### [Action item]
Set down the full listing exactly as given. Any pictures are to be left out.

### [Raw data]

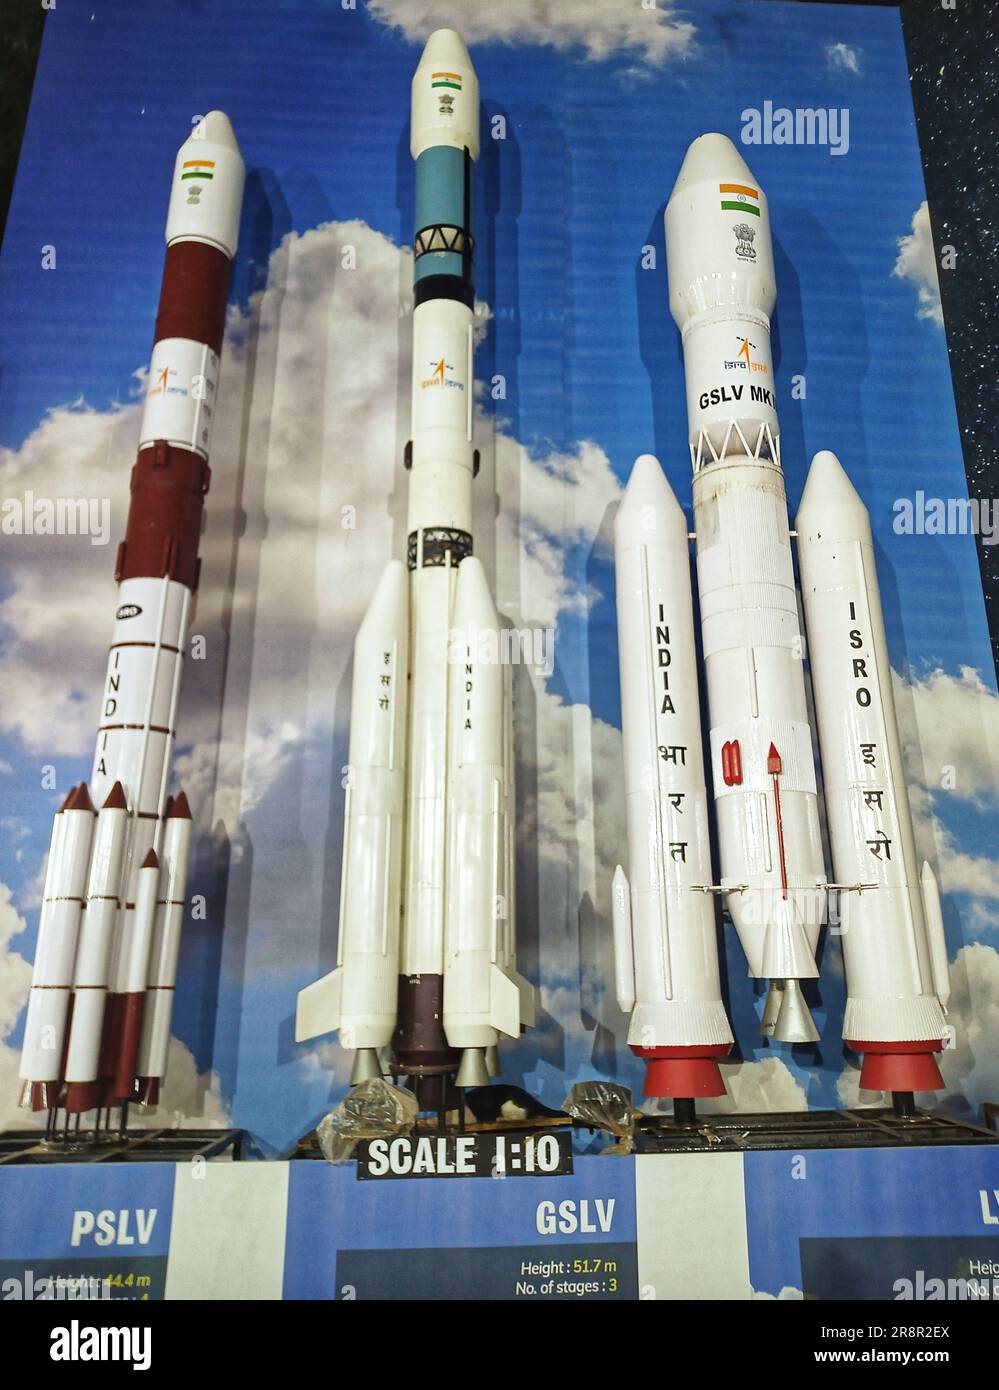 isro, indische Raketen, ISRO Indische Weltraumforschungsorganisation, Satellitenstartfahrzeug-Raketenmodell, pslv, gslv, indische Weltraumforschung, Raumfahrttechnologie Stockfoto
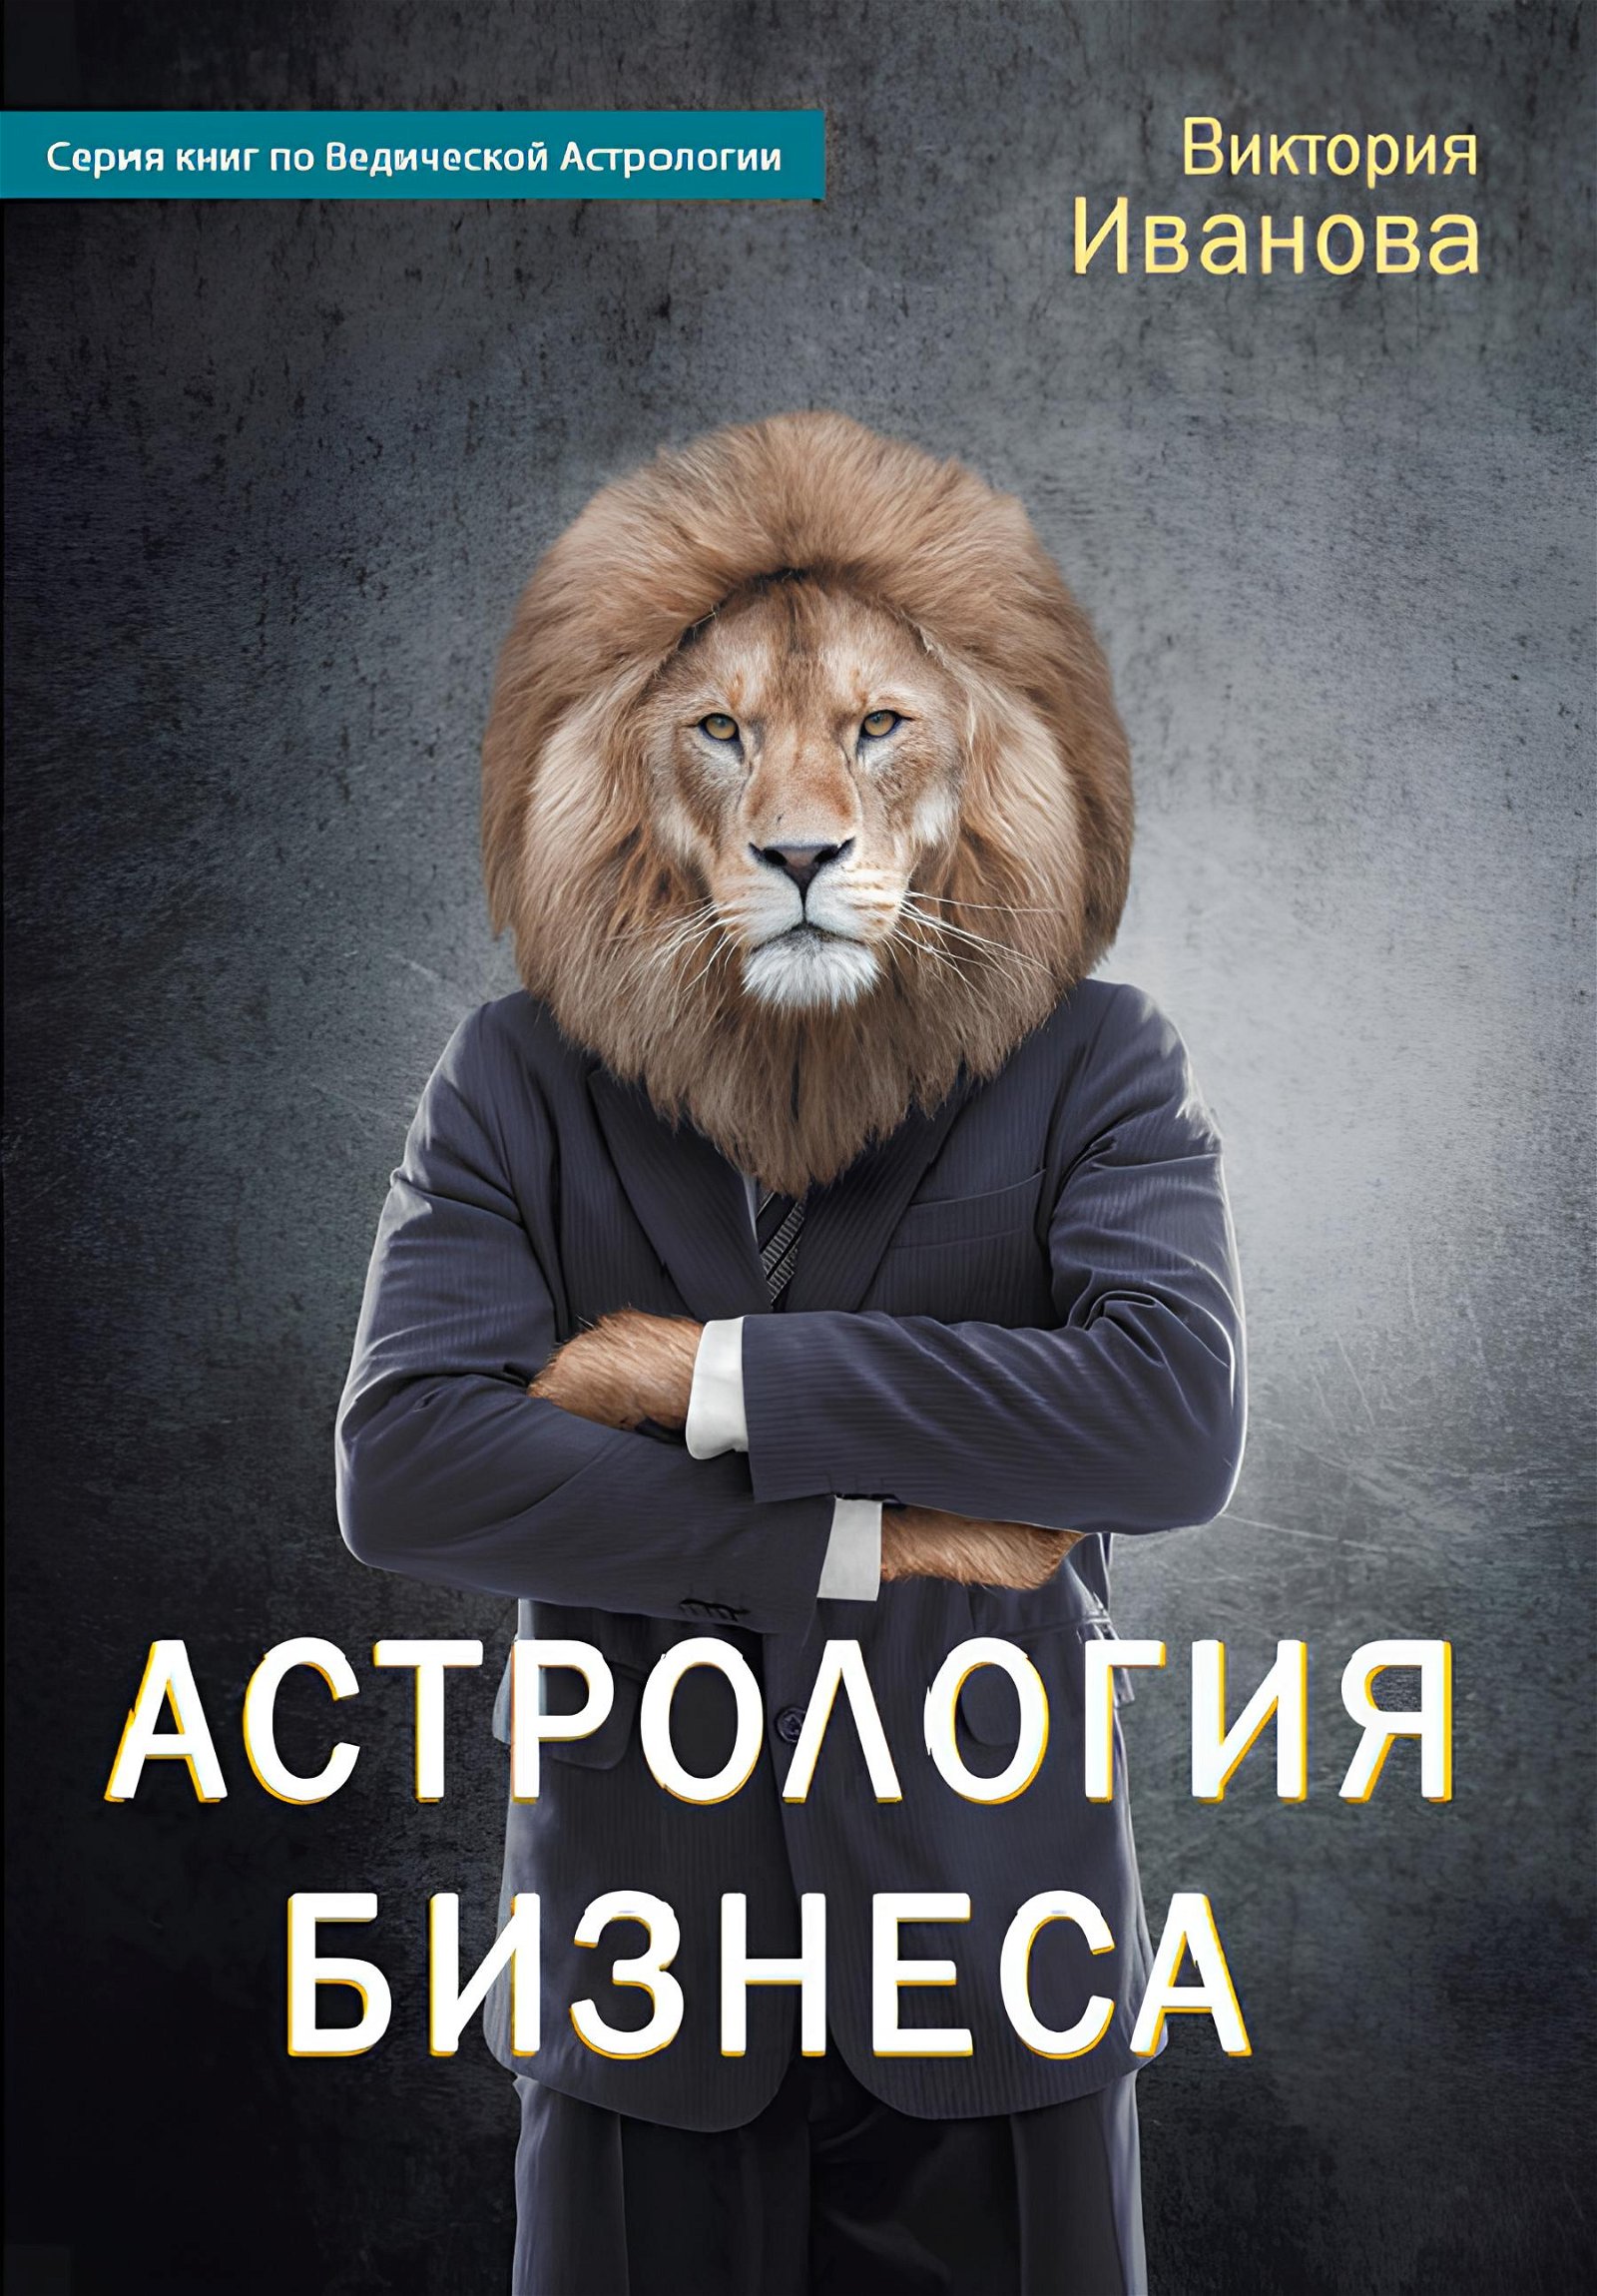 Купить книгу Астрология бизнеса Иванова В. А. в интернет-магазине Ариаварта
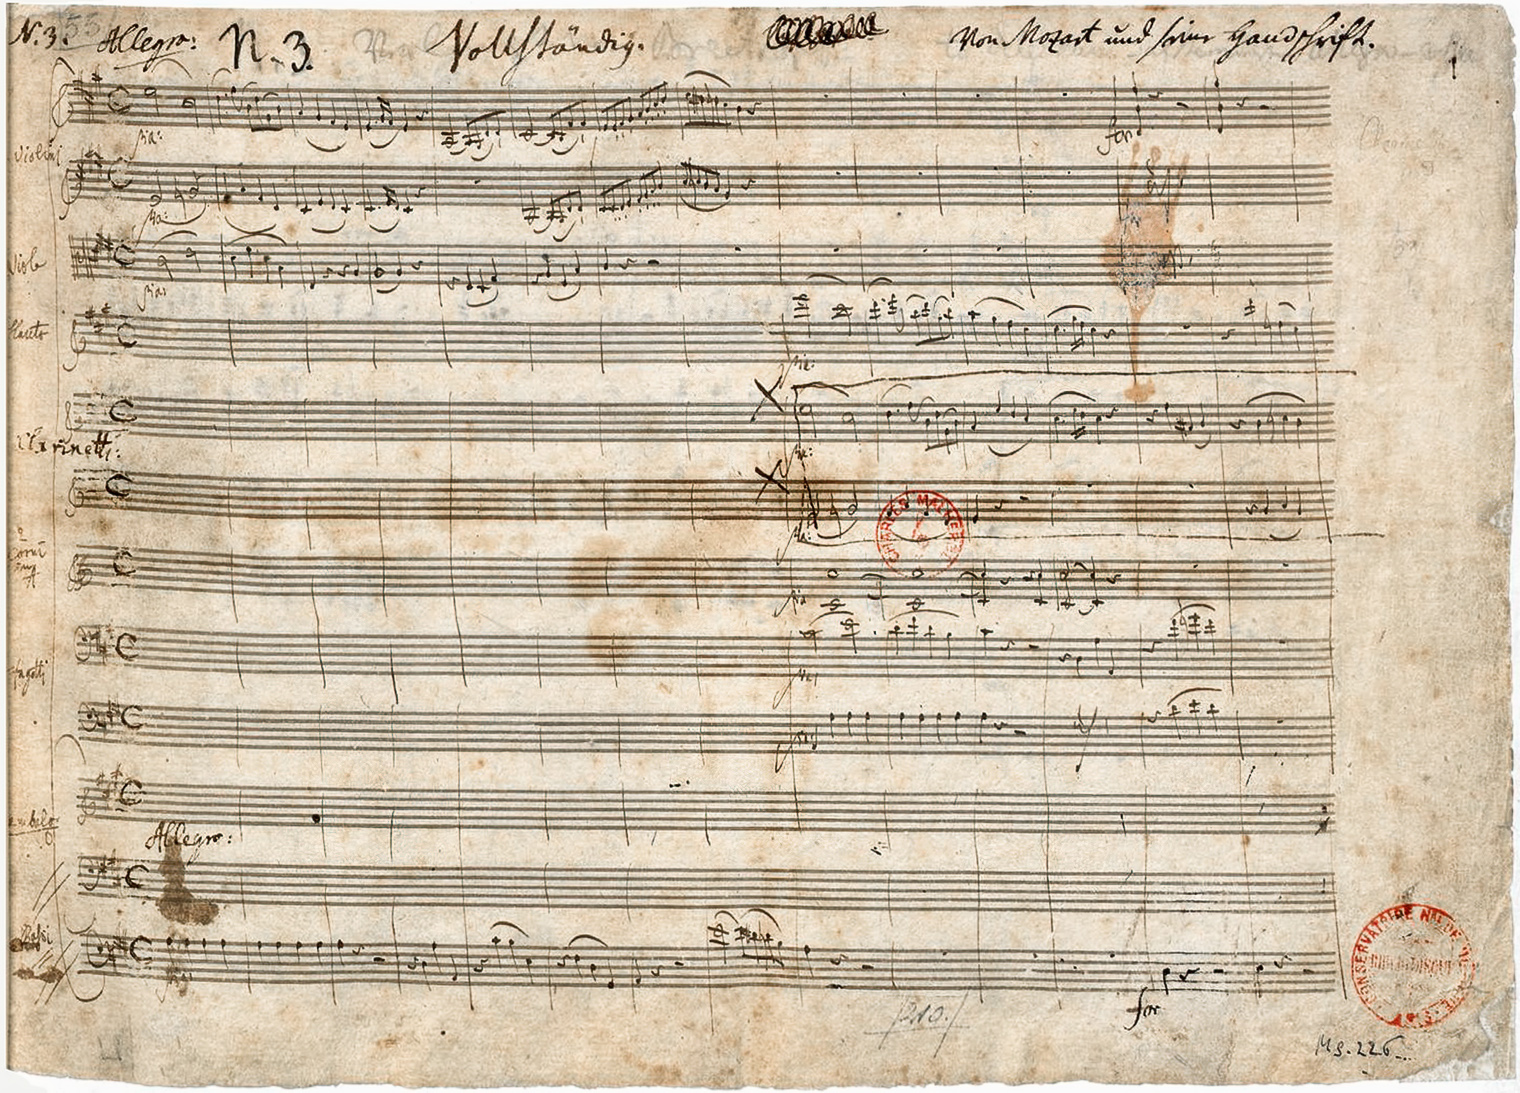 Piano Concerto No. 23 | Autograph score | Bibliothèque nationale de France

### [Completed exercise]
 isro, indische Raketen, ISRO Indische Weltraumforschungsorganisation, Satellitenstartfahrzeug-Raketenmodell, pslv, gslv, indische Weltraumforschung, Raumfahrttechnologie Stockfoto
 Купить книгу Астрология бизнеса Иванова В. А. в интернет-магазине Ариаварта
 Piano Concerto No. 23 | Autograph score | Bibliothèque nationale de France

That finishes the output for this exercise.